Task brief >> Reproduce precisely the lines of the material below from the line containing "PANA® Mikrofaser Badematten" up to and including its last line. Pictures must not be copied.

Provided data >>
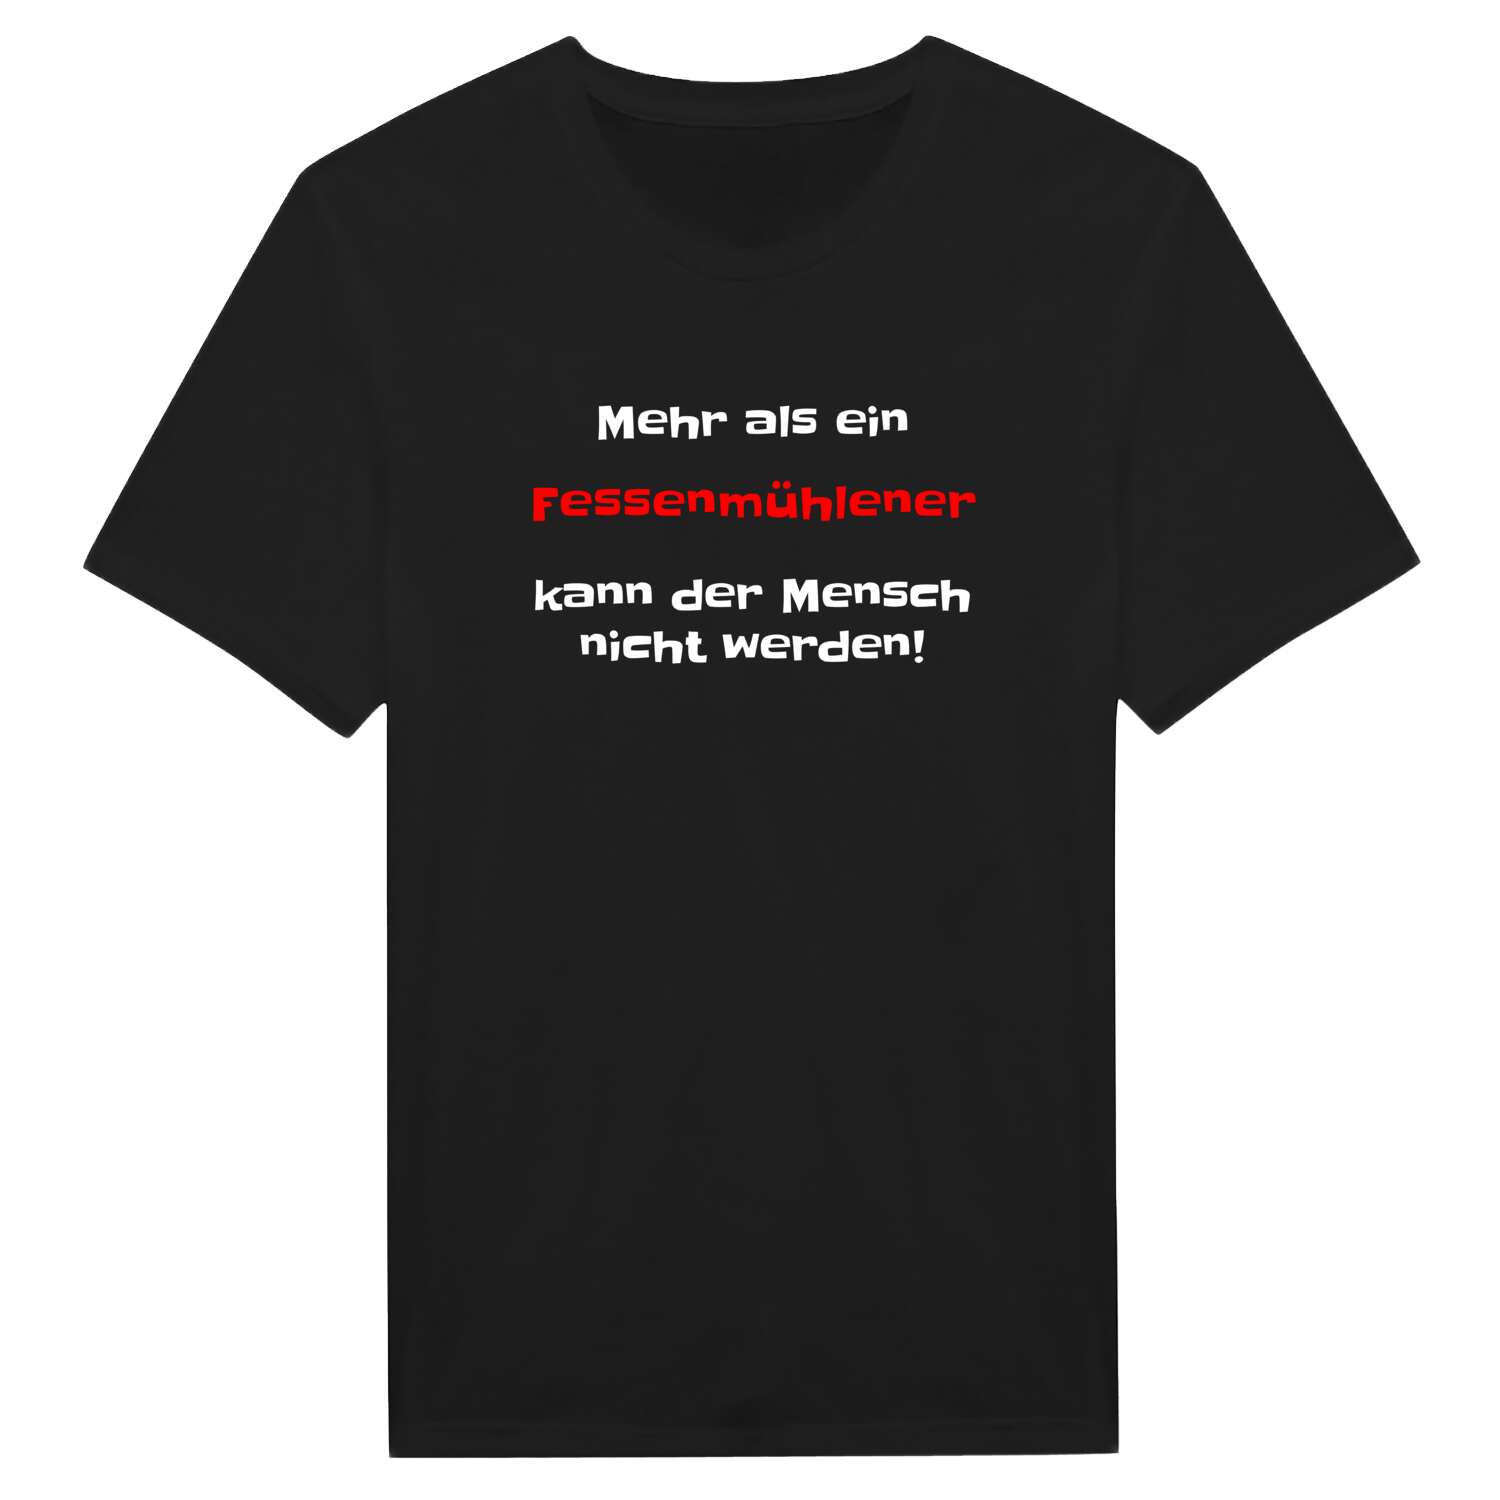 Fessenmühle T-Shirt »Mehr als ein«
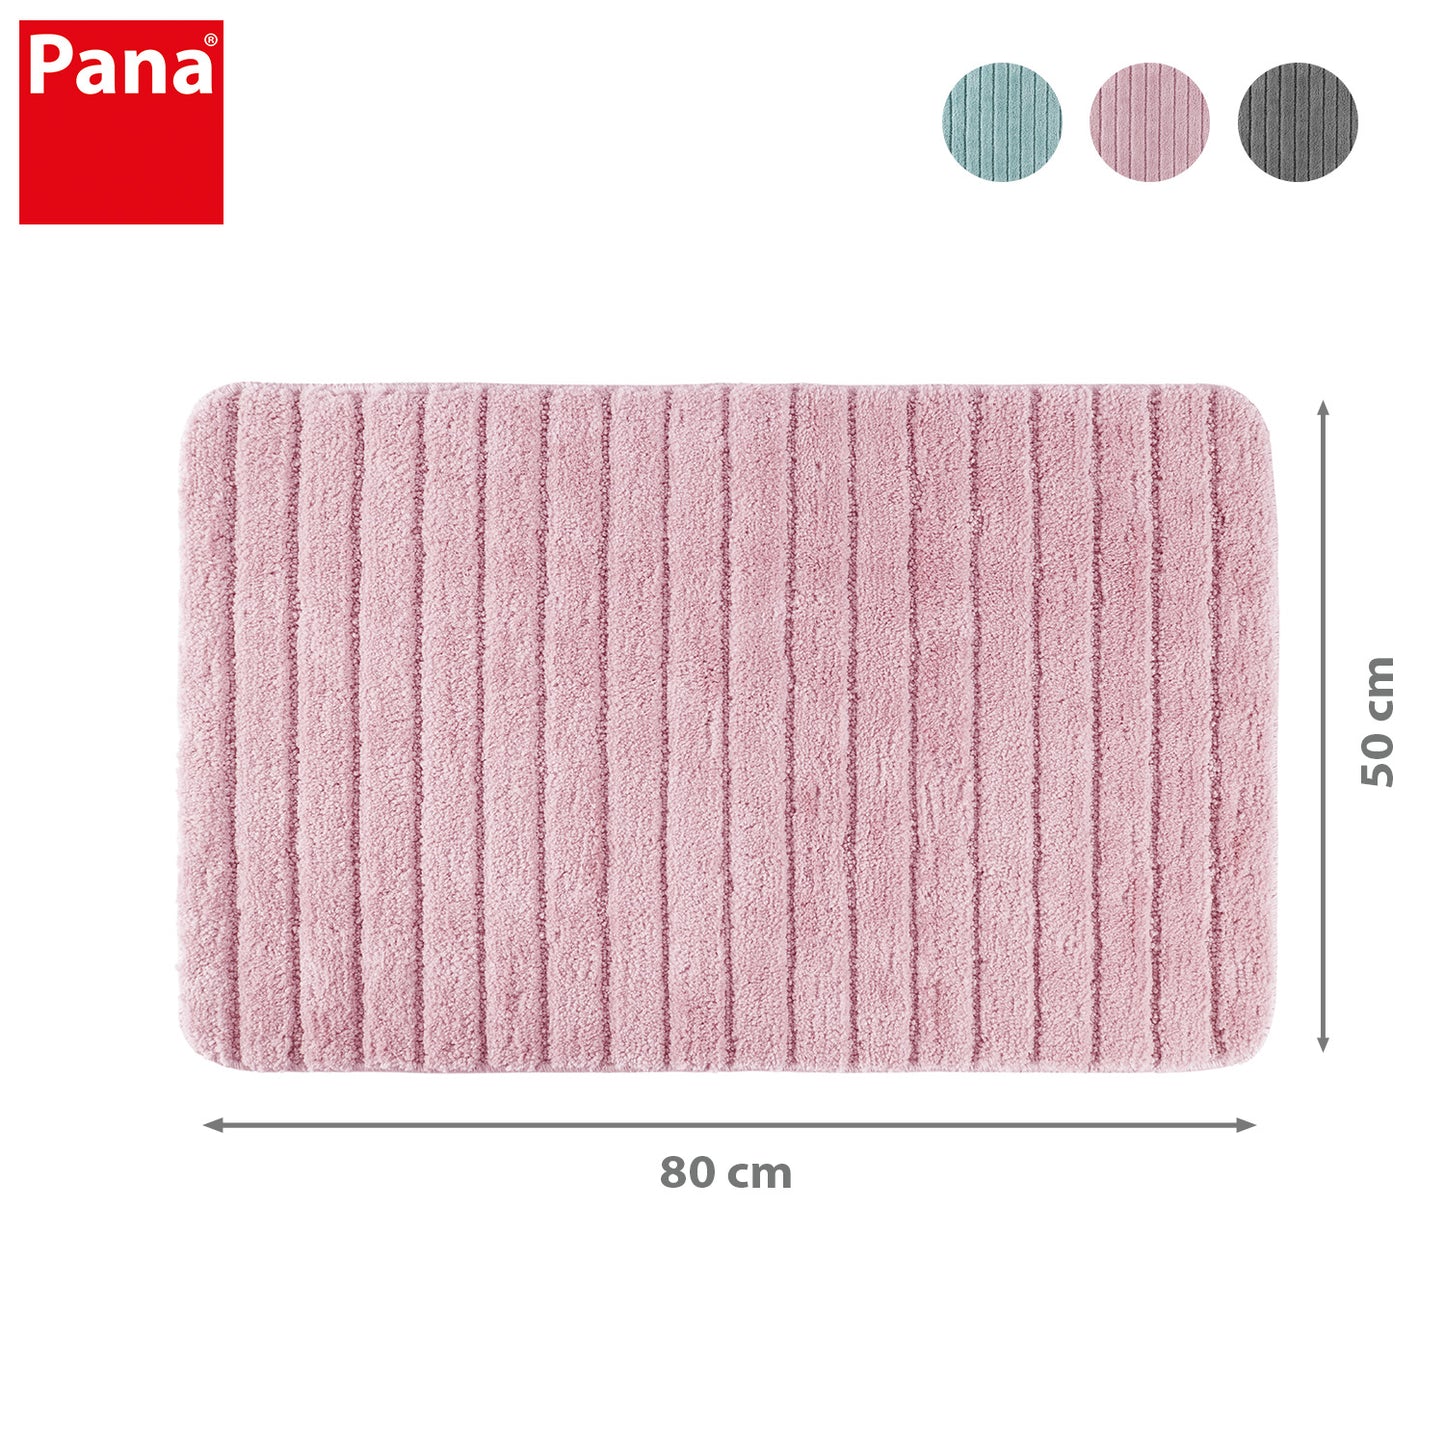 PANA® Mikrofaser Badematten Serie • versch. Formen, Größen & Farben
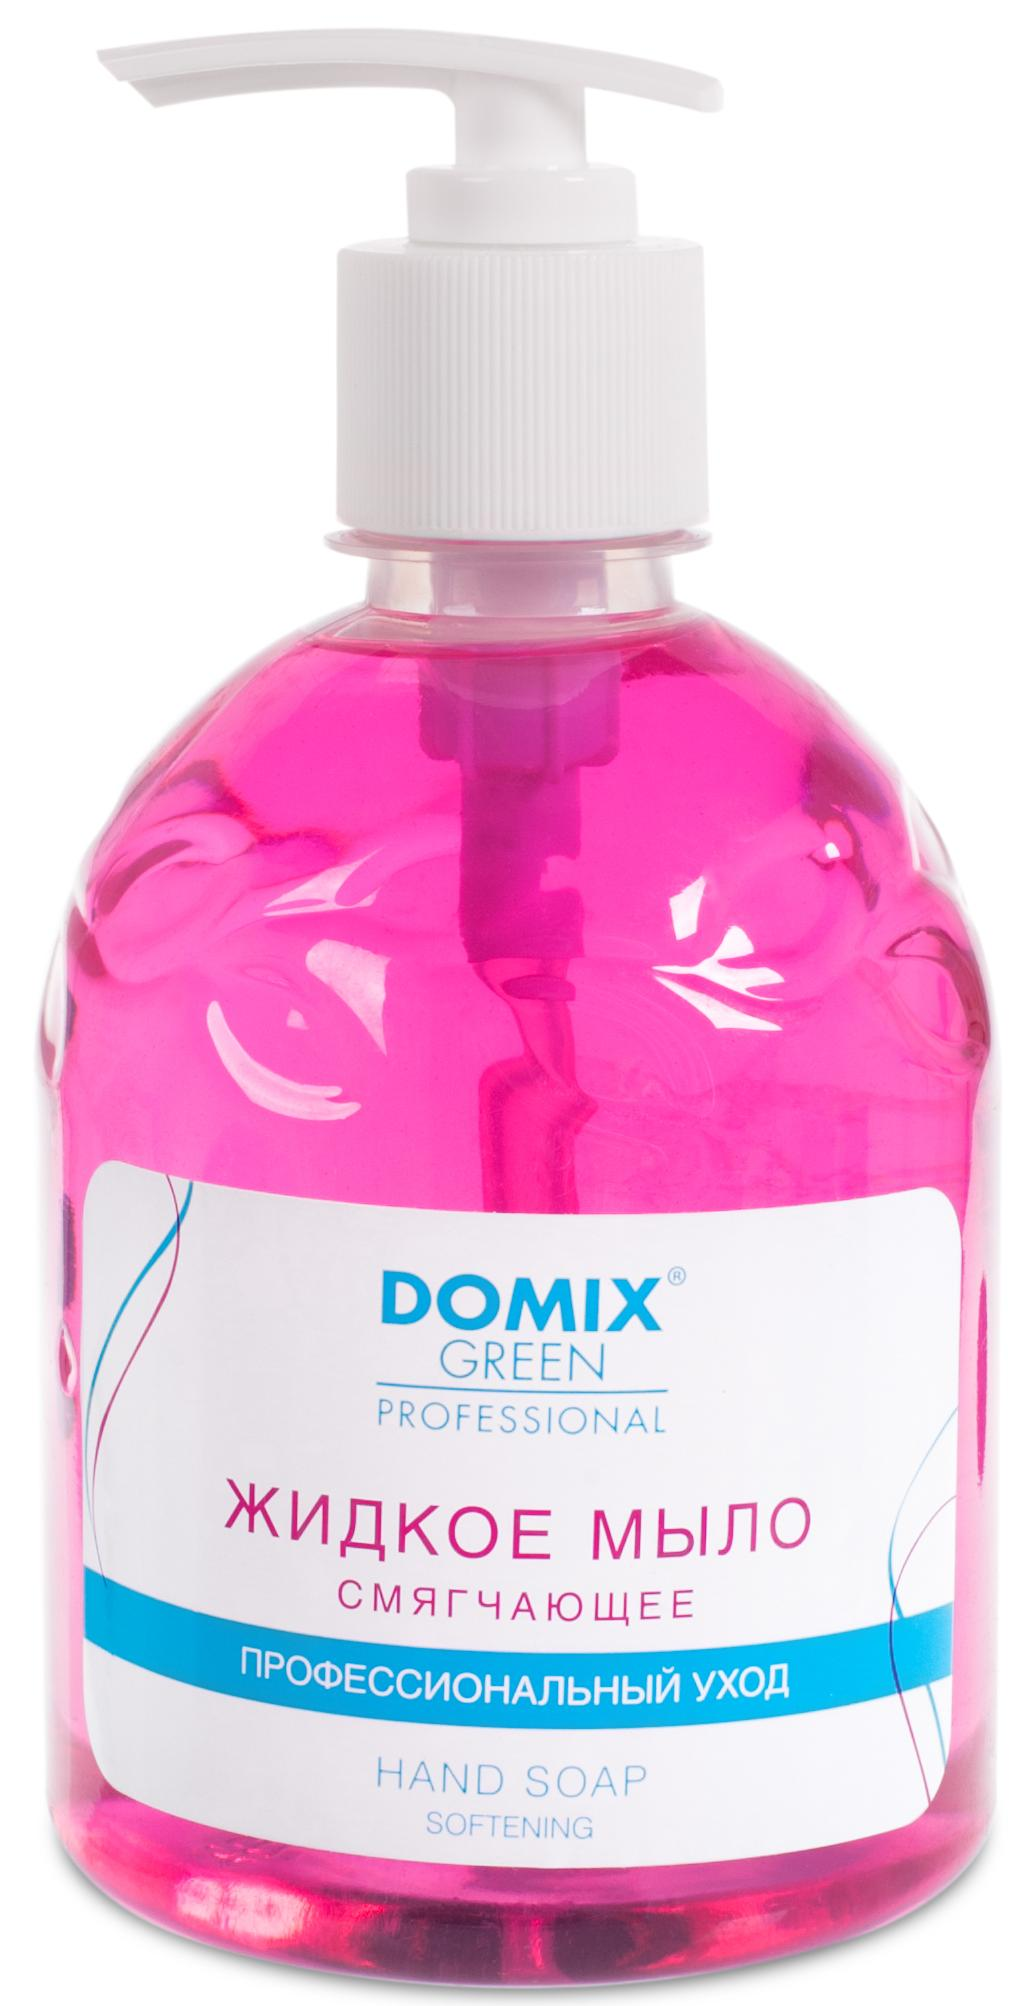 DOMIX Мыло жидкое смягчающее для профессионального ухода / DGP 500 мл deep fresh жидкое мыло пенка для мытья рук diamond emerald

Worked solution >>
 PANA® Mikrofaser Badematten Serie • versch. Formen, Größen & Farben
 DOMIX Мыло жидкое смягчающее для профессионального ухода / DGP 500 мл deep fresh жидкое мыло пенка для мытья рук diamond emerald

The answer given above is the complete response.